Rainbow River could be called Florida’s natural swimming pool. The white sandy bottom lies between areas of smooth limestone creating a “pool-like” effect. But in this swimming pool, you will share the water with turtles as they sunbathe on fallen logs, along with blue herons and white ibis feeding along the riverbank.
Starting at the popular KP Hole outside the state park, children and adults can float downstream in inner tubes stopping often to jump off ropes tied to over-hanging tree limbs. The gentle current of the river dictates the pace as smaller springs bubble up and feed into the river. This creates plenty of areas to get out and swim.
Major Springs of the Ocala National Forest
Four major springs, Juniper, Alexander, Silver Glen, and Salt Springs, are collectively called the “jewels of the Ocala National Forest.” They offer refreshing retreats during the summer when swimmers bathe in the cool 72-degree water.
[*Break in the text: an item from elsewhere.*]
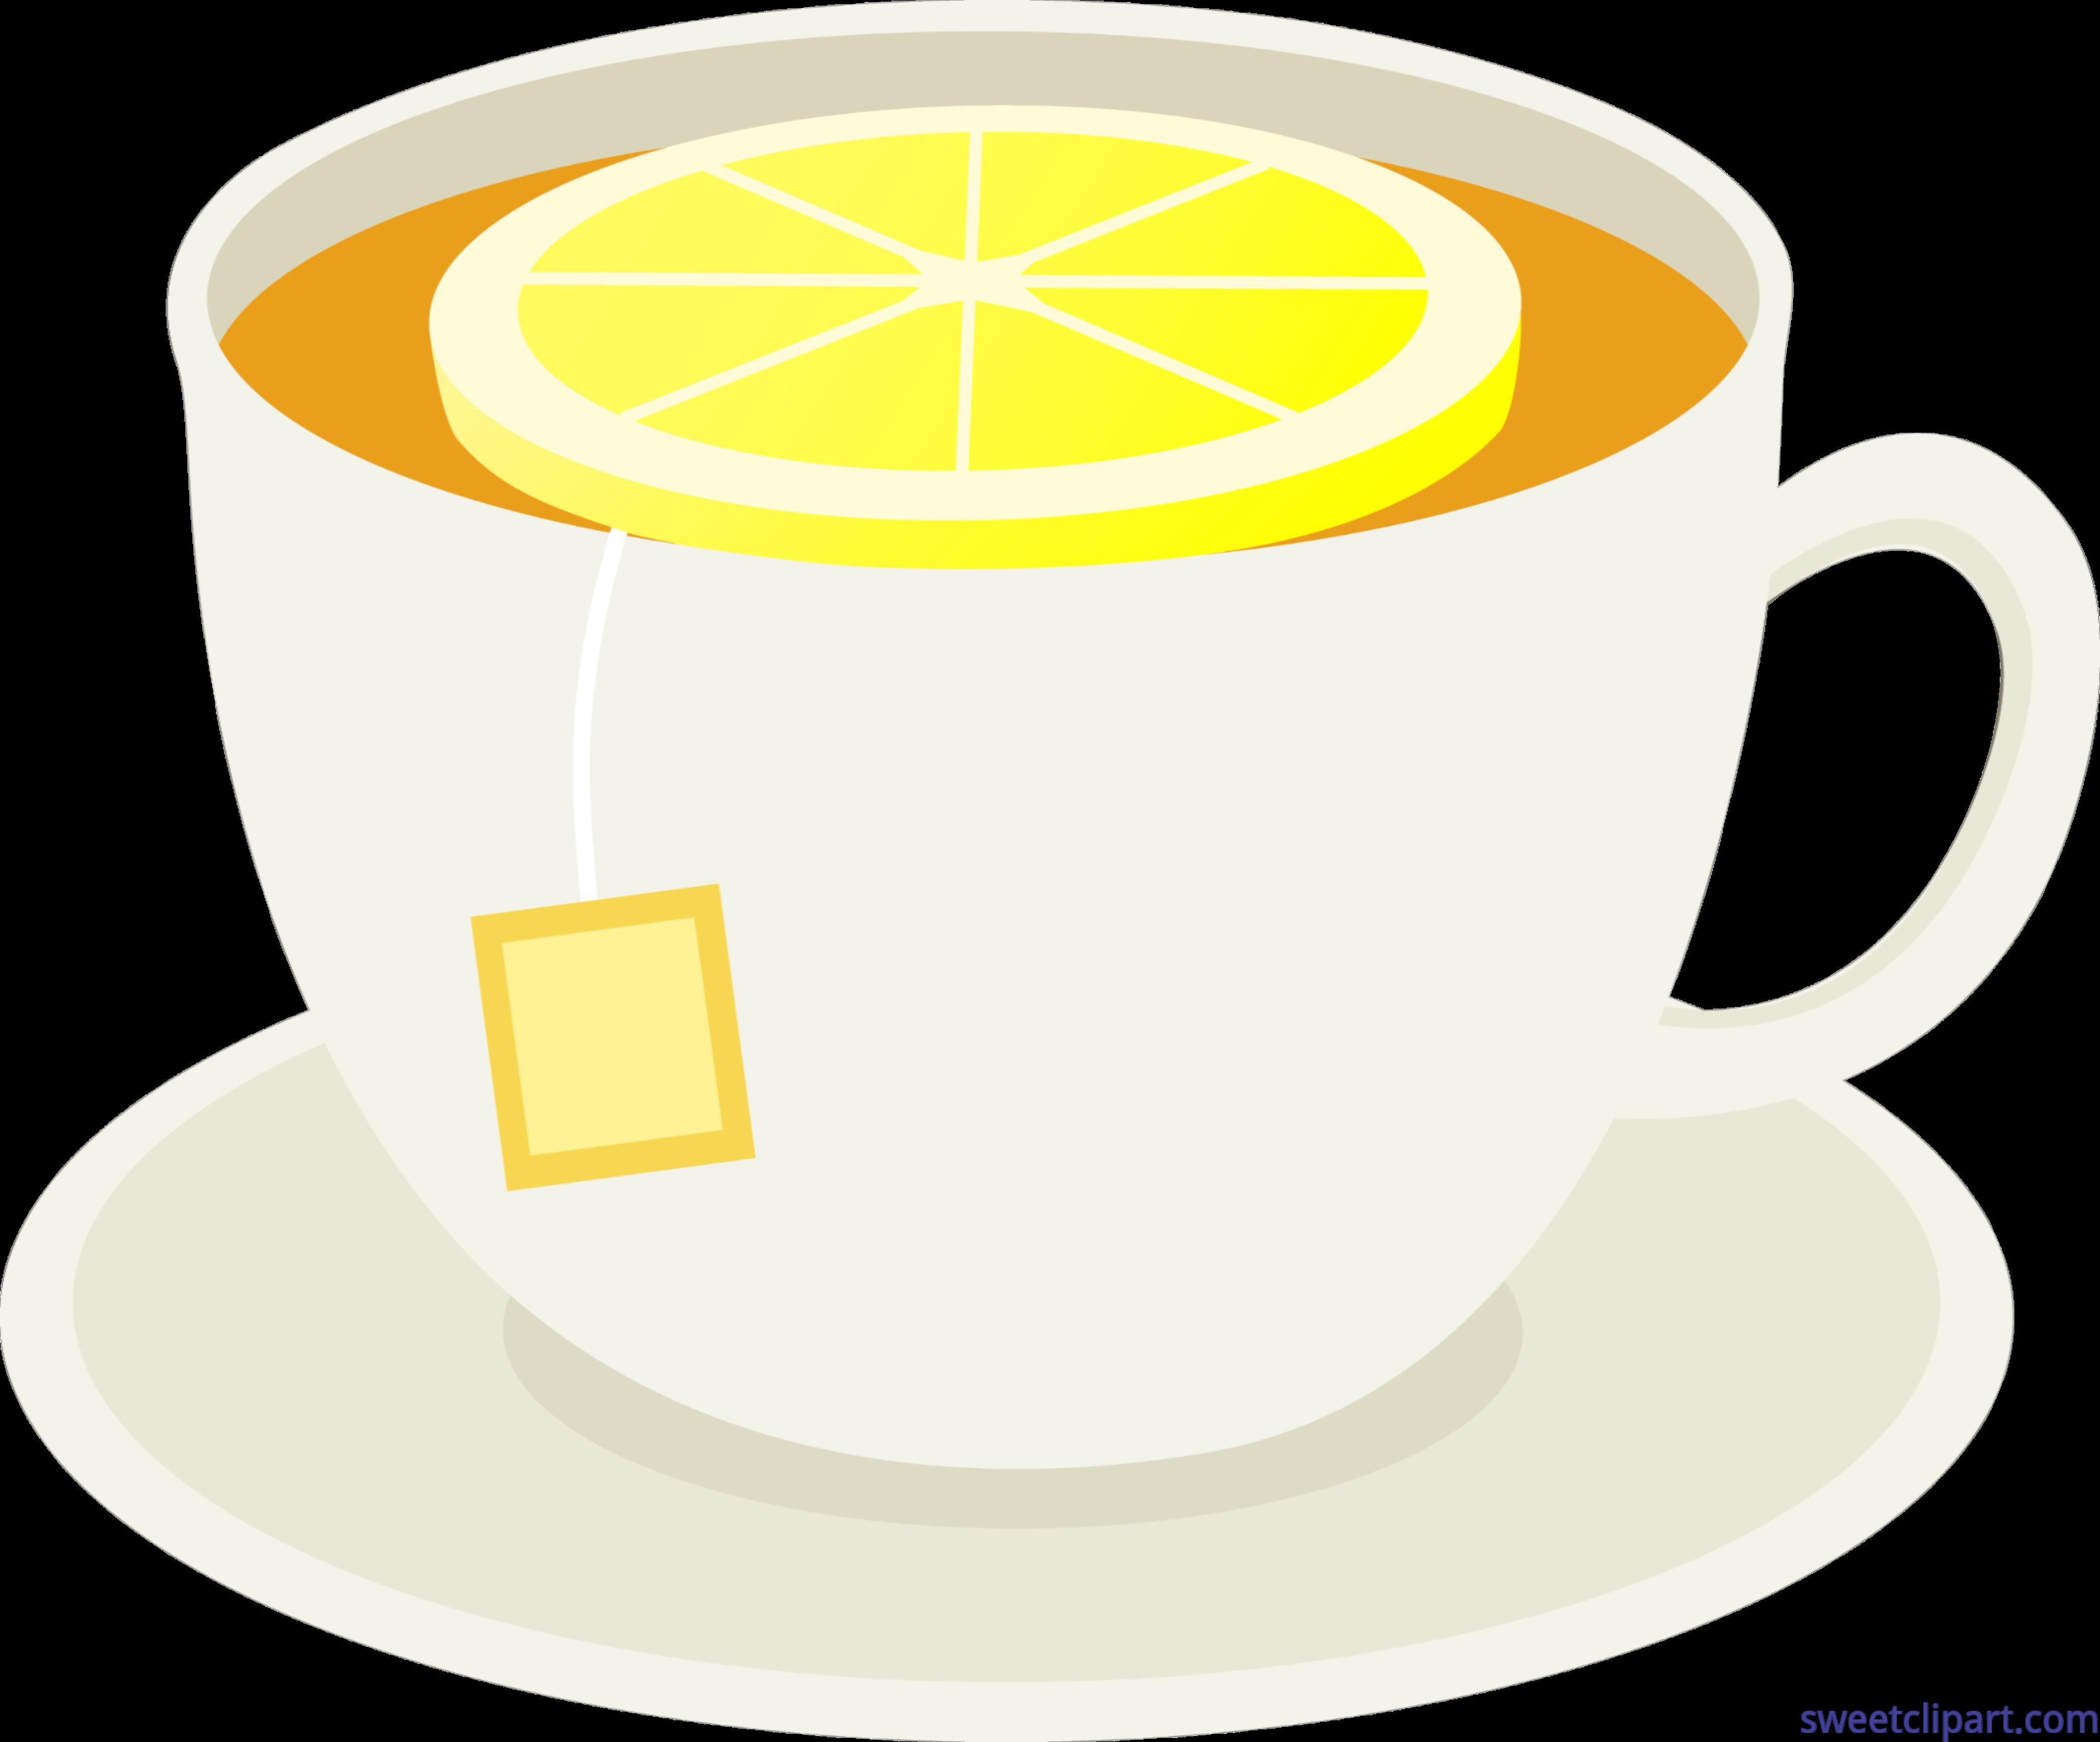 4173x3462 Cup Tea Lemon Slice Clip Art

Check out: A Visit to Remarkable Rainbow Springs
Juniper Springs, Ocala National Forest
The headspring, Juniper Spring, is the site of the main swimming hole. A limestone wall surrounded by a lawn and picnic tables, originally built in the 1930s by the Civilian Conservation Corps, encloses the park’s spring. Swimmers and campers delight in the beautiful deep blue spring. An old historical mill, also built by the hard-working conservation corps to provide electricity for the park campground, is adjacent to the swimming area. This includes a historical and informational exhibit center for park guests. The adjacent Juniper Springs Run is considered one of the most scenic kayak excursions in Florida.
Silver Glen Springs, Ocala National Forest
Available for day use, this vibrant turquoise spring contrasts with the surrounding green oaks, cedar, and pine trees. Connected to Lake George, it attracts a mix of fresh and saltwater fish. During the winter manatees often congregate here seeking respite from the cooler St. John’s River.
Alexander Springs, Photo credit: Chuck O’Neal
A shallow pool and sandy beach meet the crystal blue Alexander Spring making it popular for family swimming and diving. The seven-mile Alexander Creek flows from the spring to the St. John’s River with easy access for boating. Adjacent to the spring, the Timucuan Trail is ideal for a short hike surrounded by semi-tropical vegetation. Interpretive signs share cultural information about the indigenous Timucuan people who once inhabited the area. The signs also identify live vegetation used by the natives in their diet.
Fed by nine vertical fissures rising out of the earth is Salt Springs. This spring was named for its slight salinity from various minerals and sodium salts were believed to have medicinal value by early tourists. A boat ramp and marina provide easy access to Lake George, the second largest lake in Florida. There is also prime fishing, a spacious campground, and RV hookups.
Enjoying our springs is one of the joys of living in the state. Most would agree we all have a responsibility to preserve and care for them, not just for their beauty, but also for their importance as a fresh water supply. It’s no secret that Florida’s springs are in jeopardy, especially as Florida’s population increases, adding more environmental impacts to the state aquifer. So, while enjoying these natural delights, each of us can play a role in reducing groundwater pollution and decreasing water consumption.
At home, you can install low-flow plumbing fixtures, landscape with native plants, and reduce or eliminate the use of fertilizers in the yard. You can also take action to support local land planning initiatives designed to protect springs.